このことより、アルデヒド基が還元されたTEMPO酸化パラミロンでは、高粘度かつ高透明度であり、分散性に優れることが明らかになった。
【0112】
<評価試験6:肌免疫を介したヒアルロン酸合成試験>
本発明の水性組成物の一実施例として、実施例1のTEMPO酸化パラミロンを含有した水性組成物を使用し、水性組成物の保湿作用を試験した。
また比較例として、比較例1のアルデヒド基が還元されていない(アルデヒド基を含む)TEMPO酸化パラミロンを含有した水性組成物を使用し、水性組成物の保湿作用を試験した。
【0113】
ヒアルロン酸合成試験(HAS2遺伝子の発現量増加試験)では、ヒト単球由来細胞THP-1(1.5×106cells/5mL)に、細胞刺激試薬であるPhorbol 12-myristate 13-acetate(PMA)を10ng/mL添加して、2日間培養し、マクロファージを分化誘導した。
細胞培養培地であるRPMI1640培地によってPMAを除去し、実施例1及び比較例1のTEMPO酸化パラミロンをそれぞれ4%(400μg/mL)添加して、24時間後に培養上清を回収した。
線維芽細胞にマクロファージ培養上清、または各原料で刺激したマクロファージ培養上清を添加して、3日後に線維芽細胞を回収して、遺伝子発現量レベルを測定した。
【0114】
(結果)
実施例1及び比較例1についての試験結果を、
図7に示す。
図7は、TEMPO酸化パラミロンにおいて、還元工程の有無(アルデヒド基が還元されているか)でHAS2遺伝子の発現量を比較した結果を示す。

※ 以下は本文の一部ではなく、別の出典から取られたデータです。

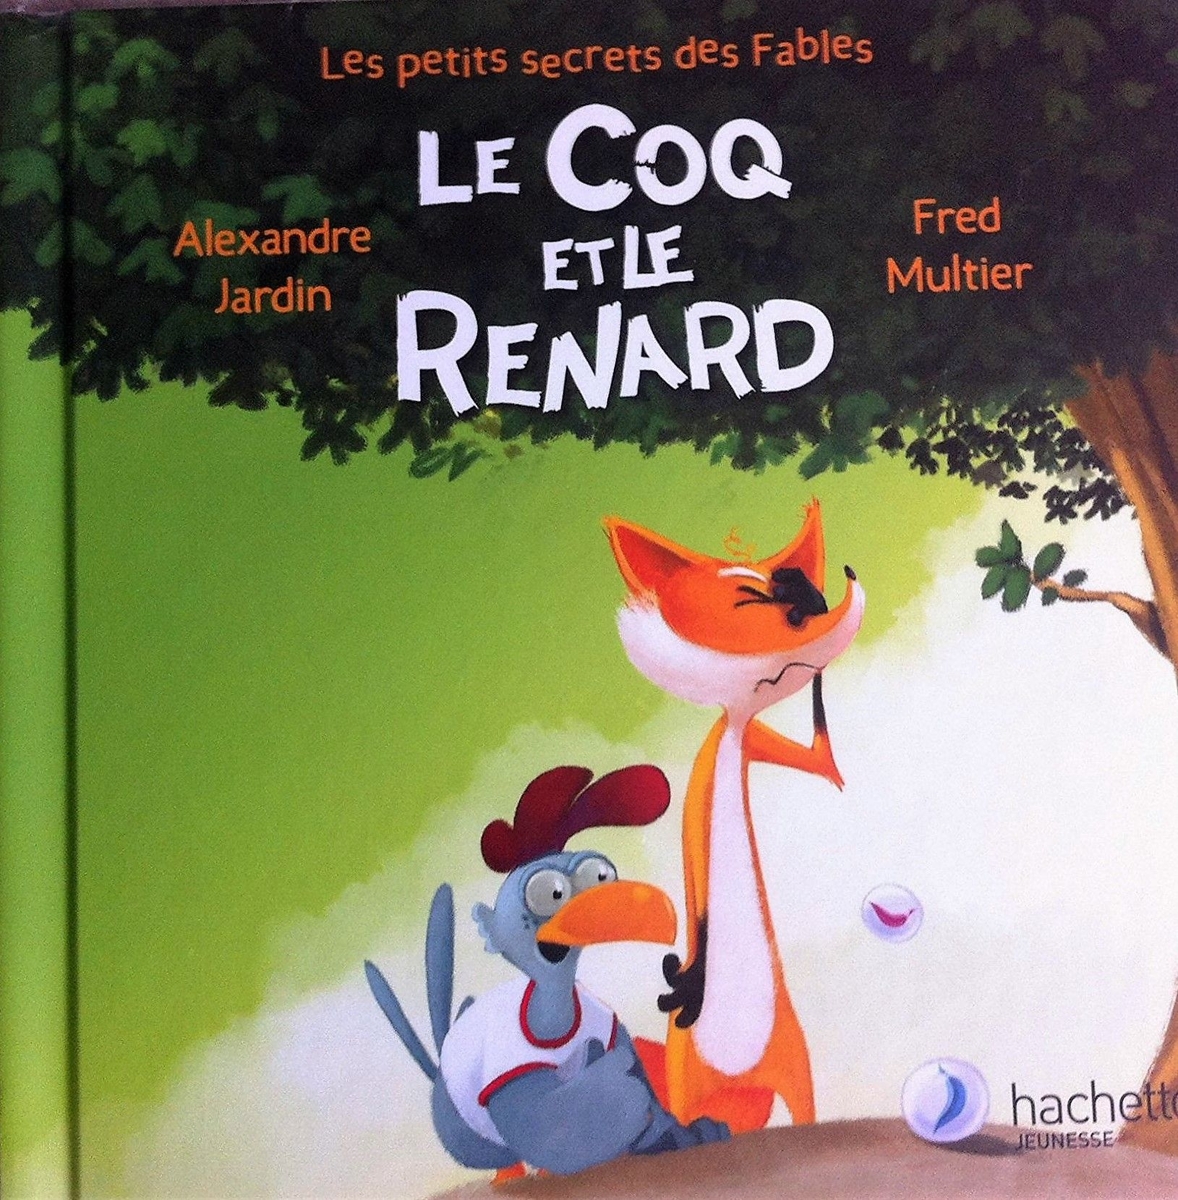 <a href="/node/93776">Le coq et le renard</a>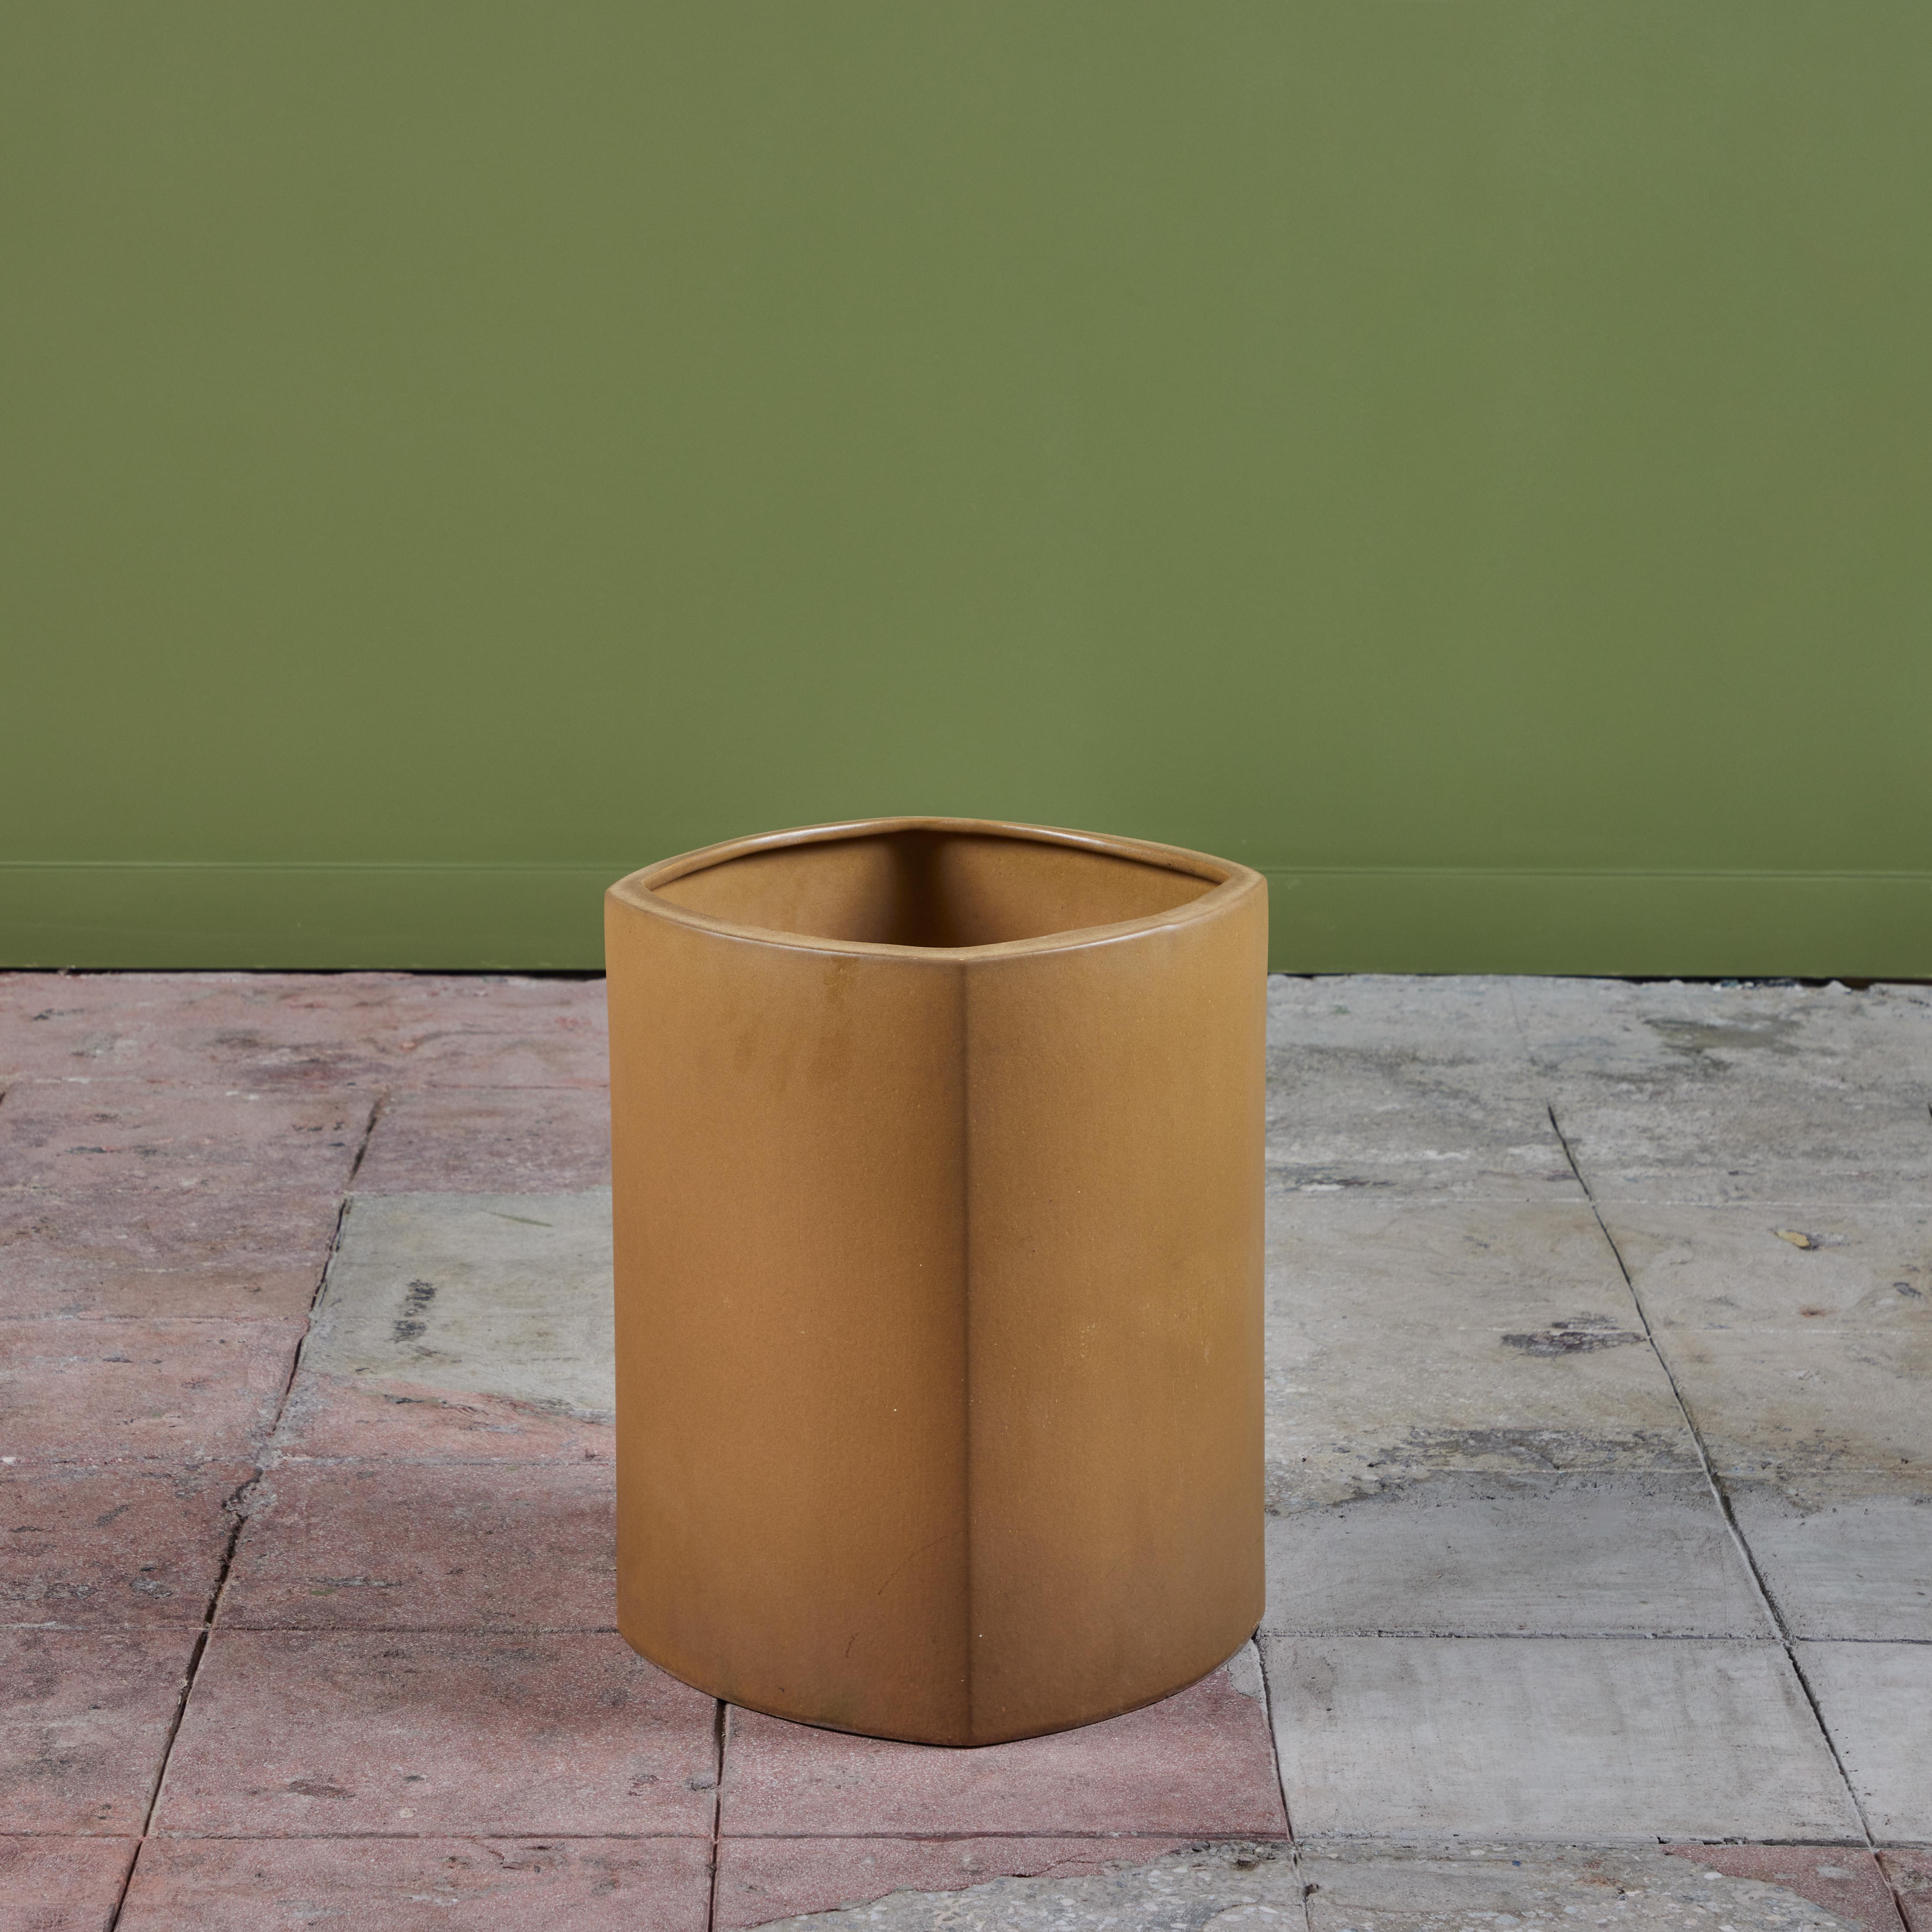 Jardinière émaillée en or par l'artiste céramiste Marilyn Kay Austin pour Architectural Pottery. Cet exemple présente une forme carrée arrondie. Le glaçage doré se retrouve aussi bien à l'intérieur qu'à l'extérieur. Peut être utilisé comme un

図7の実施例1は、アルデヒド基が還元されたTEMPO酸化パラミロンを4%(400μg/mL)添加した結果を示す。
図7の比較例1は、アルデヒド基が還元されていないTEMPO酸化パラミロンを4%(400μg/mL)添加した結果を示す。
なおcontrol(対照)として、TEMPO酸化パラミロンを添加しなかったマクロファージの結果を示す。
【0115】
図7の結果の通り、実施例1、比較例1のTEMPO酸化パラミロンは、controlよりもHAS2遺伝子の発現量が増加した。また、アルデヒド基が還元されたTEMPO酸化パラミロンの方が、アルデヒド基が還元されていないTEMPO酸化パラミロンよりも増加レベルが高かった。
したがって、TEMPO酸化パラミロンは、肌免疫を介して線維芽細胞のHAS2遺伝子の発現量を高め、線維芽細胞のヒアルロン酸合成能力を高めることが明らかになった。
また、特にアルデヒド基が還元されたTEMPO酸化パラミロンは、アルデヒド基が還元されていないTEMPO酸化パラミロンよりも肌免疫を介した線維芽細胞のヒアルロン酸合成能力を高め、保湿作用が大きいことが明らかになった。
【0116】
以上の試験結果より、TEMPO酸化したパラミロンを還元し、少なくとも一部のアルデヒド基が還元されたTEMPO酸化パラミロンでは、抗炎症効果及び保湿効果が得られ、アルデヒド基が還元されていないTEMPO酸化パラミロンと比較して、優れた物性(経時安定性、熱安定性、耐滅菌性、分散性)を有することが分かった。